Alzheimer’s and the nutrition link

Research has now borne out what many nutritionists have been saying for some time – that lifestyle changes could prevent Alzheimer’s disease. There are 820,000 people in the UK with dementia, yet researchers from the University of California have found that a ‘couch potato’  lifestyle with little or no exercise is the biggest culprit.  A healthier diet, more exercise and giving up smoking could actually halve Alzheimer cases.
Smoking, a poor diet, obesity,  high blood pressure and cholesterol  were found to contribute to Alzheimer’s as they cause damage to the blood vessels in  the brain.

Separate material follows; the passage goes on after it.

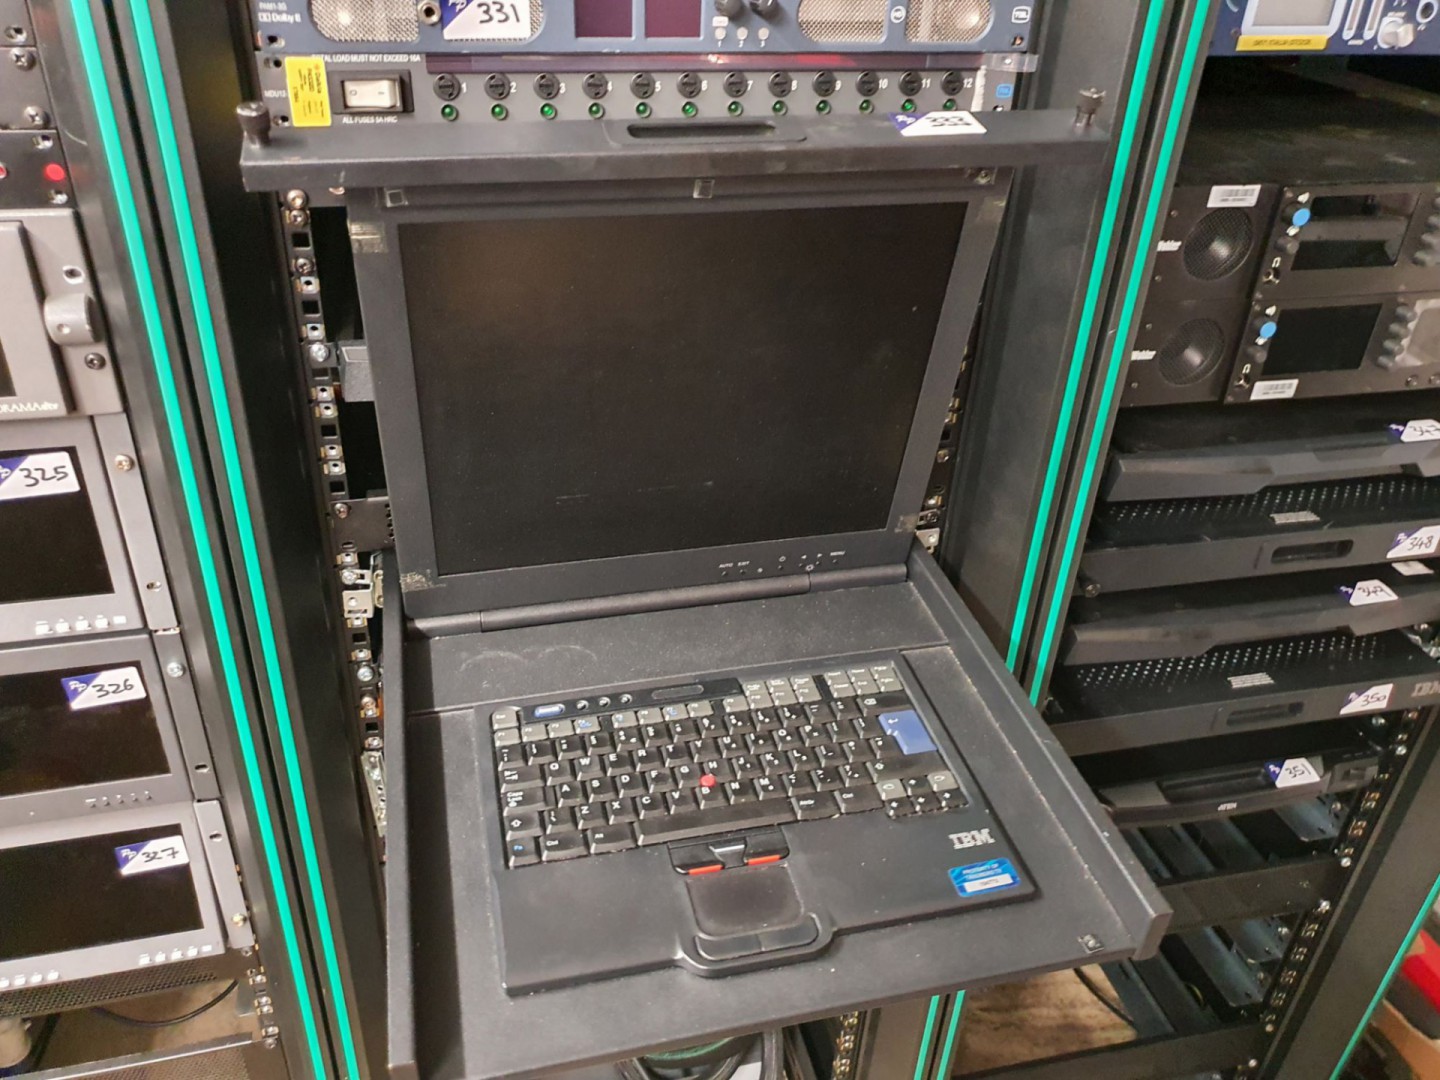 IBM 1723-1nk rack mount monitor, keyboard

Blows to the head can also increase the risk of developing the disease later in life.
In addition  it was also claimed that spending  years at school and university protect the brain in old age, presumably due to stimulation of the brain.
Carrying on as we are is not an option with predictions of over 1 million Britons expected to have Alzheimer’s in the next 10 years, particularly as people live longer lives.  It is always a good idea to have homocysteine levels tested because this high  levels of this amino acid in the blood can lead to the disease as well as other serious illness.
The awful statistics

By the time someone reaches 80 they have a one in five chance of getting dementia, and most people who get it are over 65.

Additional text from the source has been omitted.